The controls Section

The optional controls Class Section is an advanced feature which allows you to change Fields or call methods on your Project while it is running in response to external events in real-time.

Here’s the high-level picture: a Control converts an incoming RawMessage to a Message, and routes that Message to an Address with a list of Actions.

Currently BiblioPixel has the following Control Classes:

artnet
Receive lighting data from a network
keyboard
Keyboard events on a standard computer keyboard
midi
Incoming MIDI events
rest
Brings up a REST server which accepts information incoming

This page is going to talk about Controls in general, and the next page will discuss routing, Addresses, and Actions in more detail.

Controls operate independently of everything else

Controls are designed to be completely independent of the rest of BiblioPixel.

This means that one person can write a specific Control in Python, another one can write an Animation in Python, and a third person can write a Project that connects the Control to the Animation without programming - just by filling the Control Section in a Project.

All Controls so far run in an independent Python thread, and there’s no reason they couldn’t run in a different process (and this will be an option in later releases of BiblioPixel).

How Controls work!

  1. A Control receives or generates a Raw Message.
  2. A Raw Message can be anything: MIDI, a keystroke, packets from the Internet, or some hardware data.
  3. The Raw Message is converted into an ordered dictionary called the Message.
  4. The Message is routed to an Address with the routing dictionary, or discarded if it can’t be routed. This will be explained in more detail a little later.
  5. The Address has a list of Actions that it performs with the Message. These typically set values in the Project, but can also be programmed to do any operation you need.

Monitoring controls

bp has a simple utility to monitor Control Messages. Right now it only works on MIDI and keyboard inputs.

The examples in the Controls section use a simple MIDI fader control you can get cheaply in any music store. You should configure it so that its first four faders are sending “MIDI control changes” on Control Numbers 0, 1 2, and 3.

Plug the MIDI fader control into your computer, and enter the command below:

$ bp monitor midi

You should see output much like the following:

control_change 0 87/127
control_change 0 89/127
control_change 2 14/127

If you don’t see something like this, then you aren’t receiving MIDI - either check that MIDI is being received with some other program, and then ask us for help.

Control Fields

Each Class of Control has its own specific Fields, but all Controls share the following optional fields:

pre_routing
A list of Actions that get the entire Message before it gets routed.
routing
A dictionary that routes Messages to Actions.
errors
How to handle any software errors that occur - default is 'raise' If errors is 'raise', then a Python exception is raised. If errors is ignore, then software errors are silently ignored If errors is report, then they are reported.
verbose
Defaults to False. If verbose is True, the Control will report everything that happens to it in detail.

Normalized numbers

Controls have to handle many different sorts of numbers, and it’s going to be hard for the user to write Projects that work well if the numbers are all over the place!

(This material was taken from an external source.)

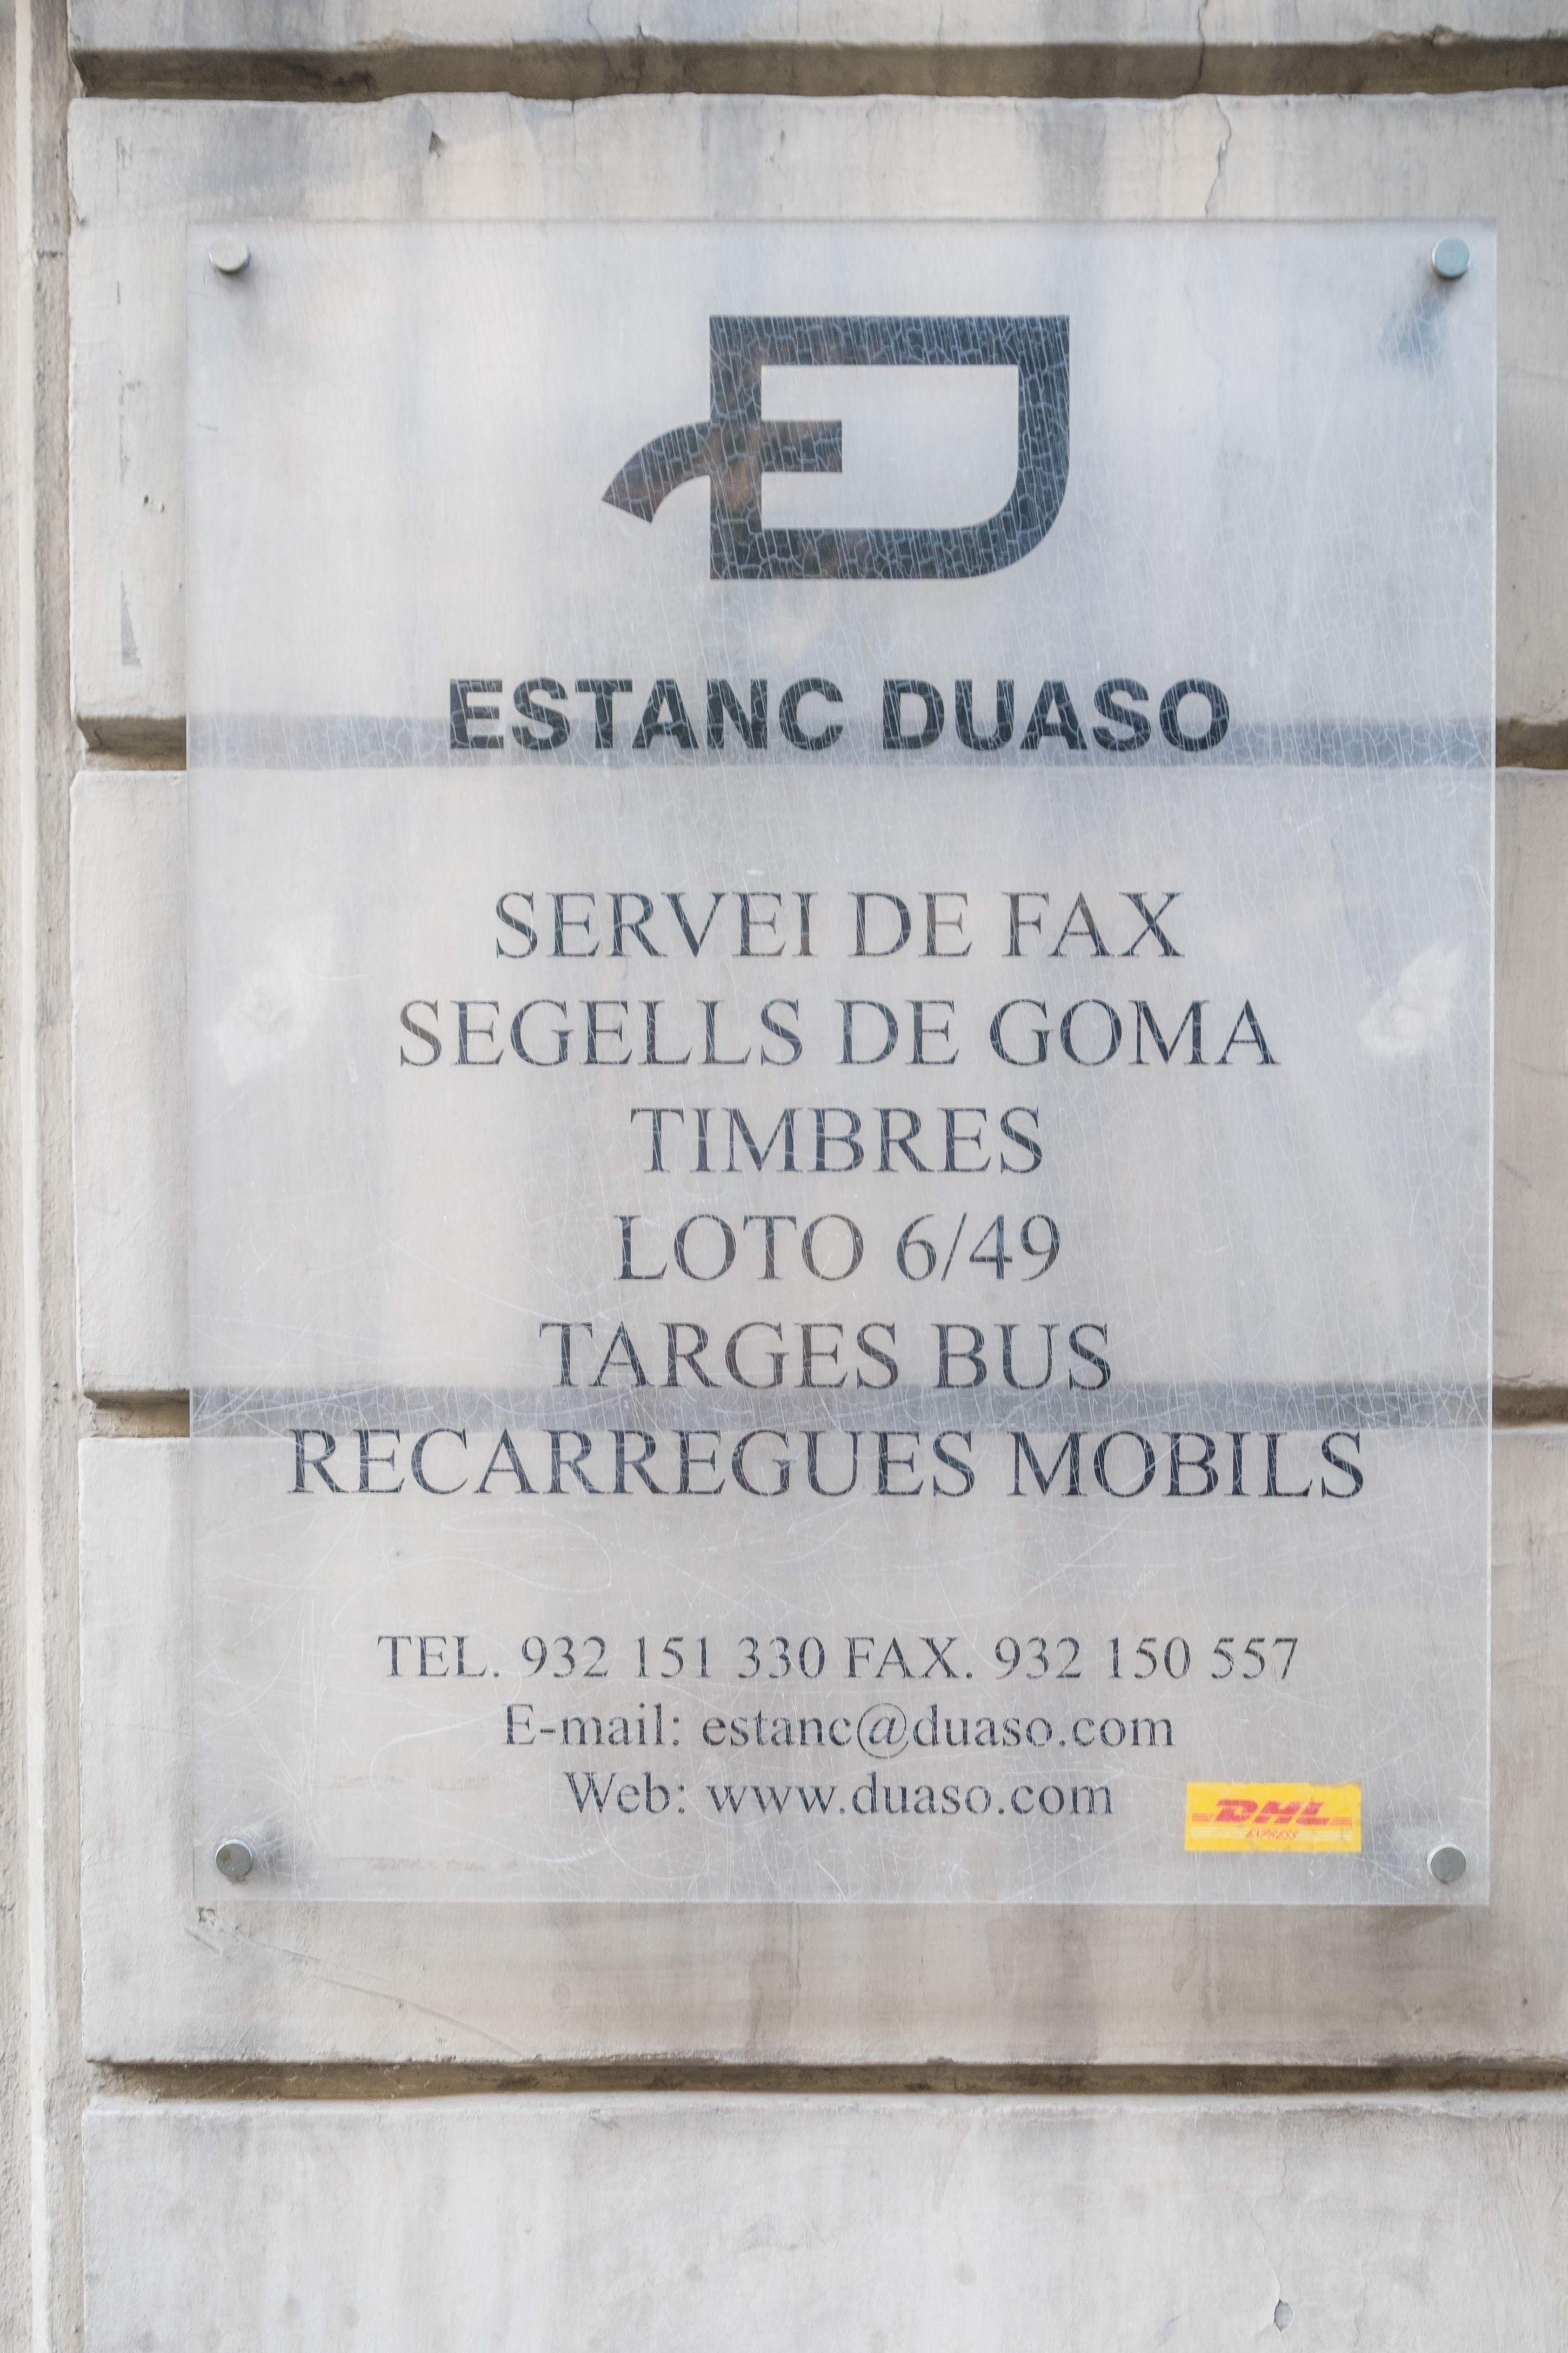 Foto 9 de Estancos en Barcelona | Estanc Duaso

This is why the Controls sections normalizes many of the numbers that it receives in the Raw Message before putting them into the Message.

For example, a raw MIDI Note On Message has a velocity that can be any number from 0 to 127. The Controls Section normalizes that to be a number from 0 to 1 by dividing it by 127 before storing it in the Message.

A different example: a raw MIDI Pitch Bend Message is a number from 0 to 16383, where 8192 means “no bend”. In this case, the Control Section normalizes this number into the range between -1 and 1, because Pitch Bend is logically a device that has positive (bend up) and negative (bend down) values.

The “expected range” for numbers is between 0 and 1 for values that can’t be negative (like keyboard velocity), and between -1 and 1 for values that can be negative (like pitch bend), but BiblioPixel is tolerant of normalized values that are out of the expected range

For example, it is perfectly possible to turn up the brightness in an Animation to be greater than 100% (255), and you’ll get perfectly reasonable results. You can even set brightness or other such numbers to be negative values and nothing will go wrong - you’ll just see black.

So don’t be afraid to hook one value up to another in your control Section - you can’t break anything.

Extractors

Nearly all Controls have an optional extractor Class Section.

An Extractor is an adaptor and a filter to translate “lots of real world data, most of which you don’t want” into “a small amount of specific data you do want”.

Technically, an Extractor turns a Raw Message into an ordered Message dictionary with specific normalized Fields in a specific order, but you can use an Extractor fairly intuitively.

A Control class has default values for its Extractor, or you can override these values in your Project.

[API-DOC: link to the generated docs, which are pretty good for this class] Most of the time, you’ll only be wanting to change the accept, omit or reject Subfields in the extractor field of the Control.